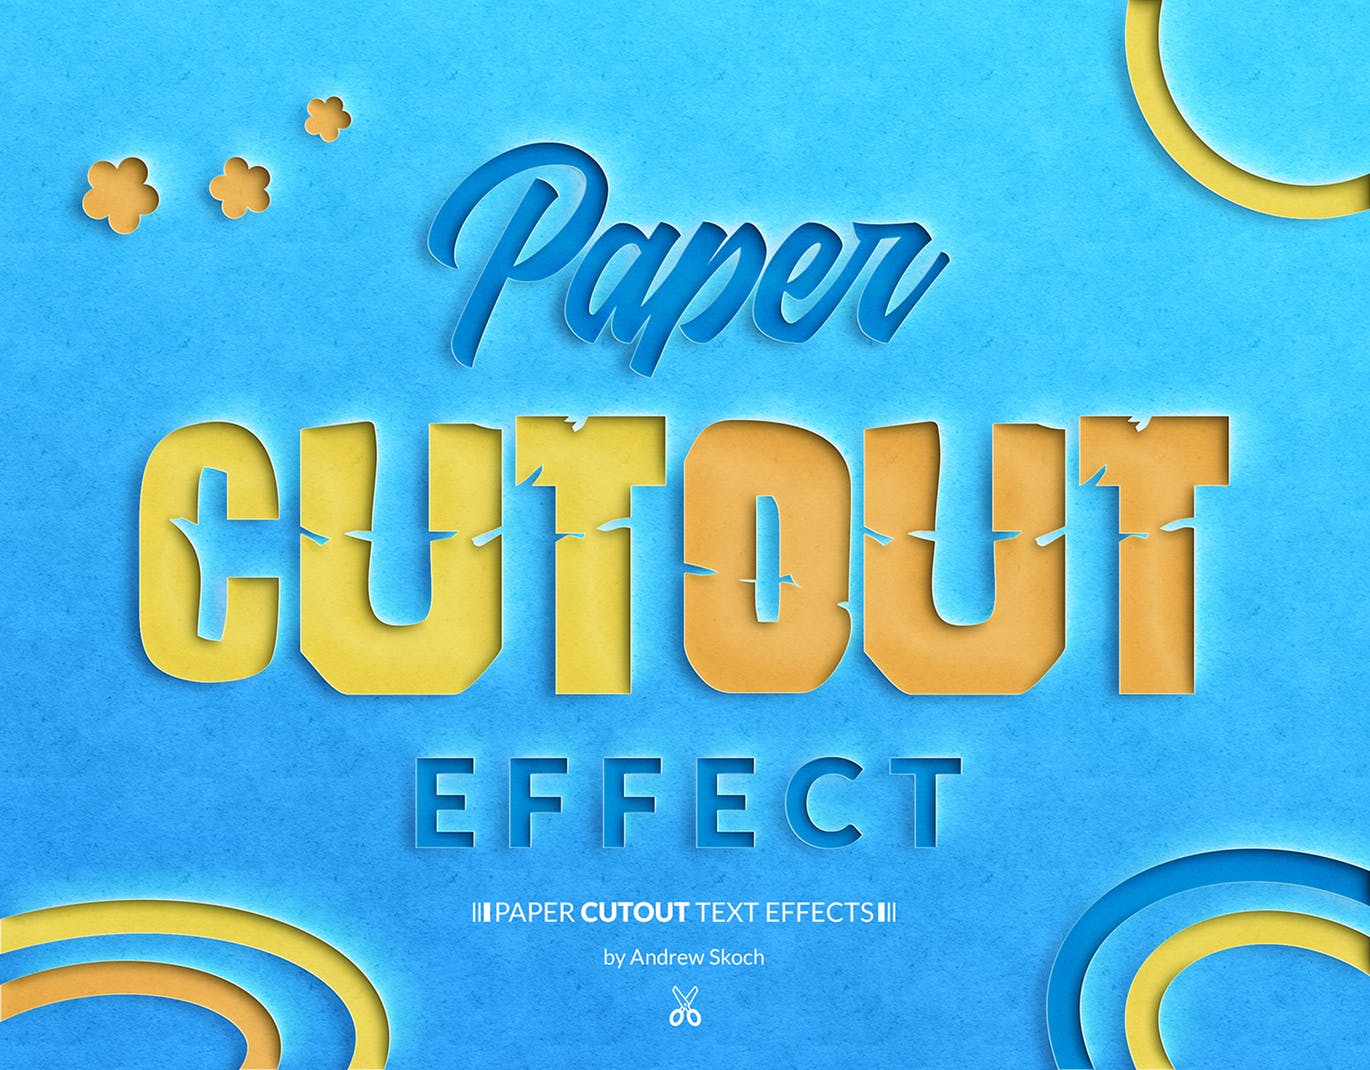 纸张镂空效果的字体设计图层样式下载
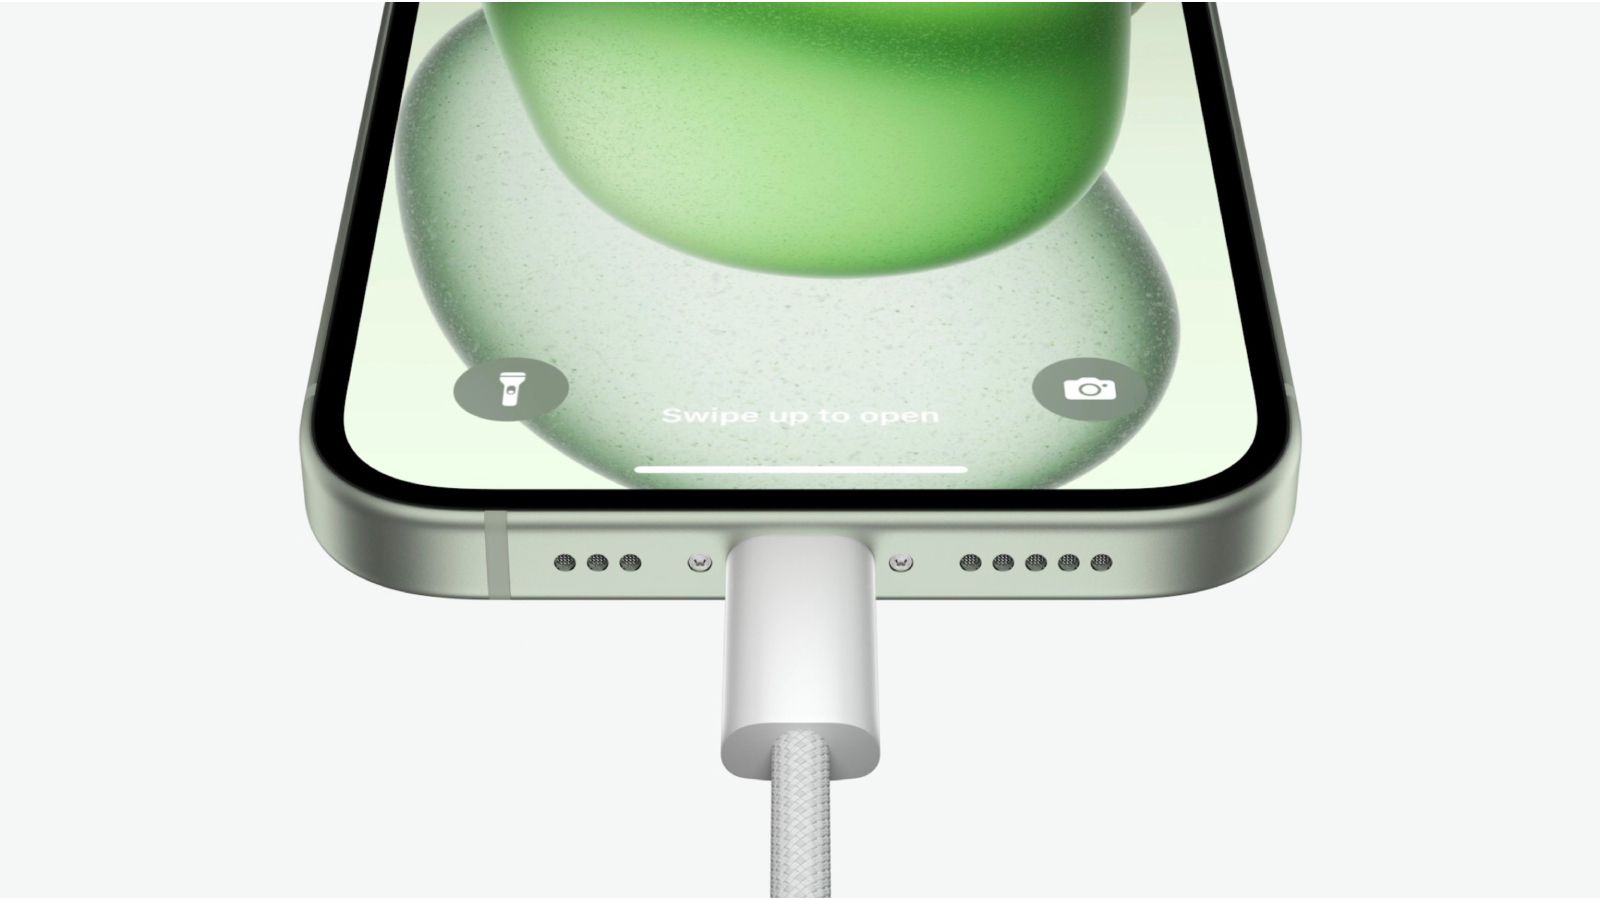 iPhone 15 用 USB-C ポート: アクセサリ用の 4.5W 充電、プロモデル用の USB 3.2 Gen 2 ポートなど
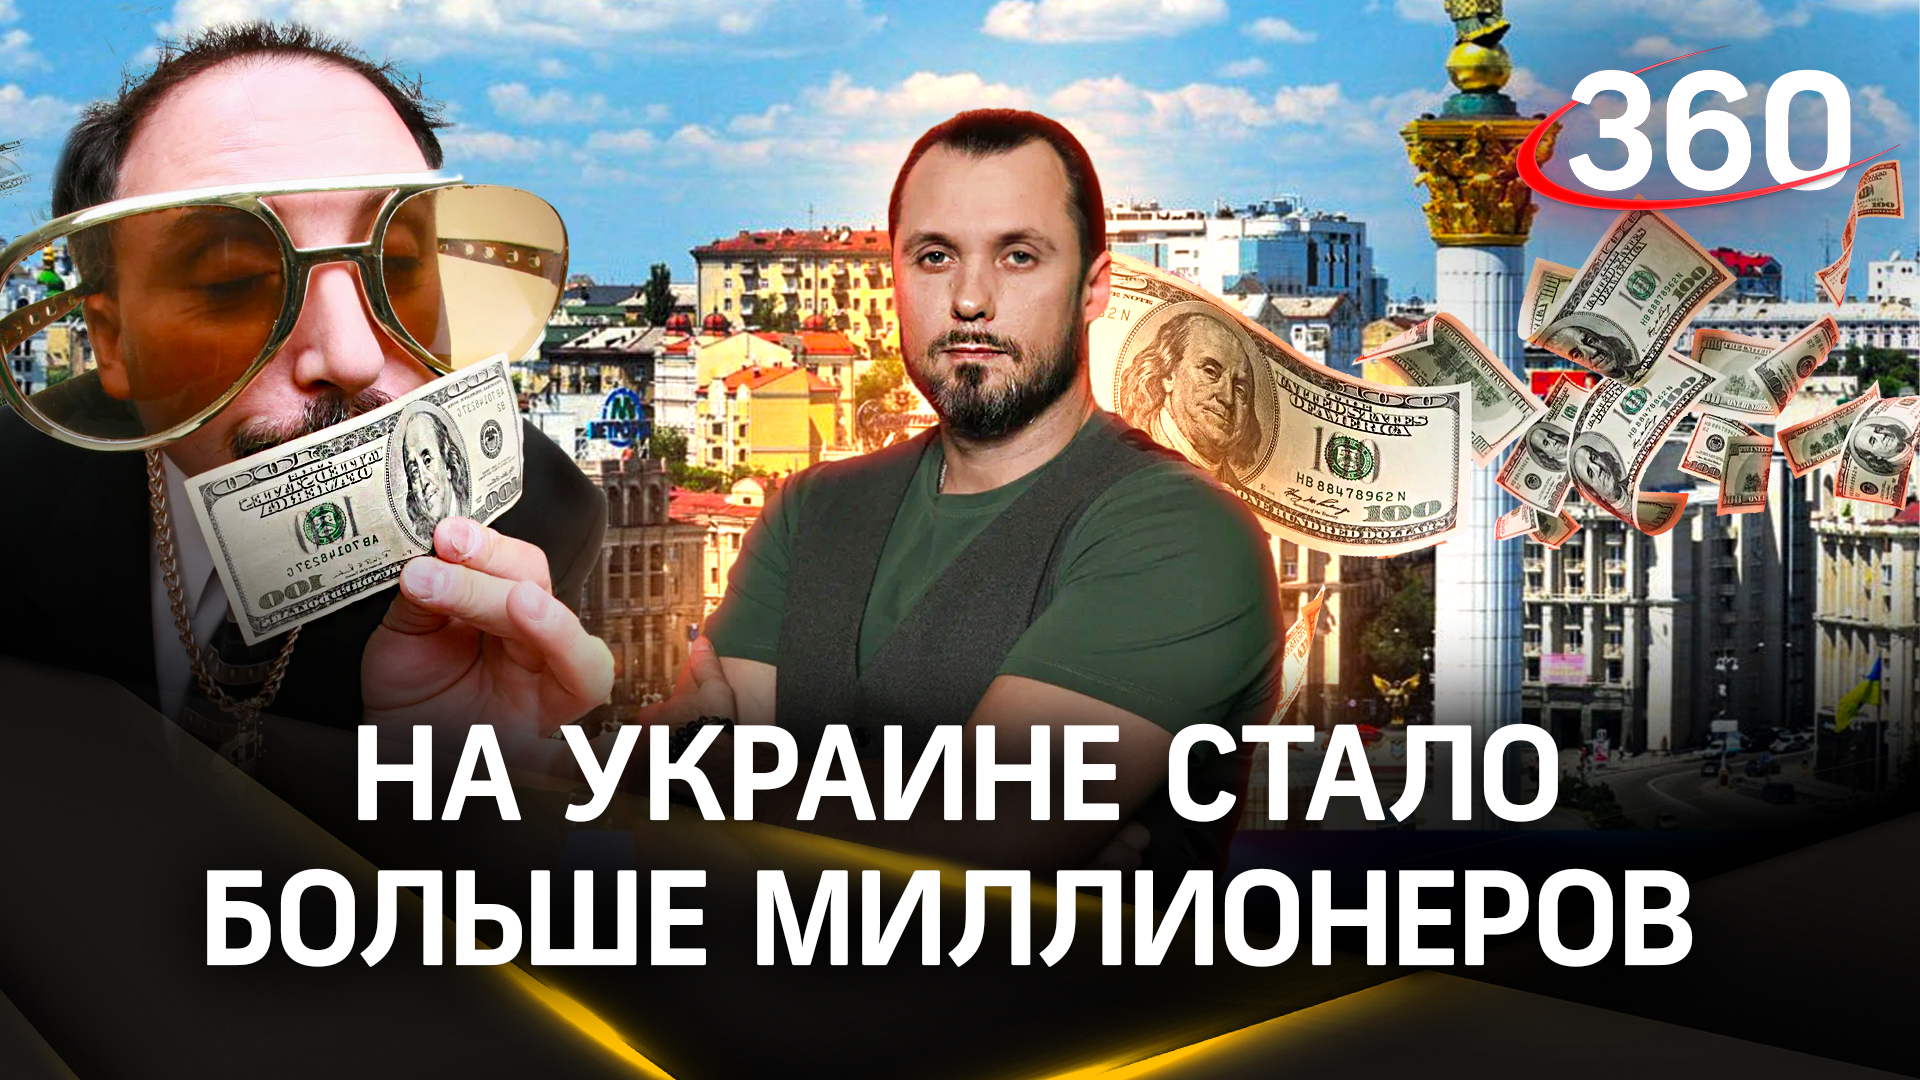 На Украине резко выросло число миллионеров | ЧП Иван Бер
================
* _TASK DETAILS_:
Output exactly the lines from the one that has "iPhone 15 用" through the end of the data. Do not include pictures.

* _EXERCISE RESPONSE_:
 iPhone 15 用 USB-C ポート: アクセサリ用の 4.5W 充電、プロモデル用の USB 3.2 Gen 2 ポートなど
 На Украине резко выросло число миллионеров | ЧП Иван Бер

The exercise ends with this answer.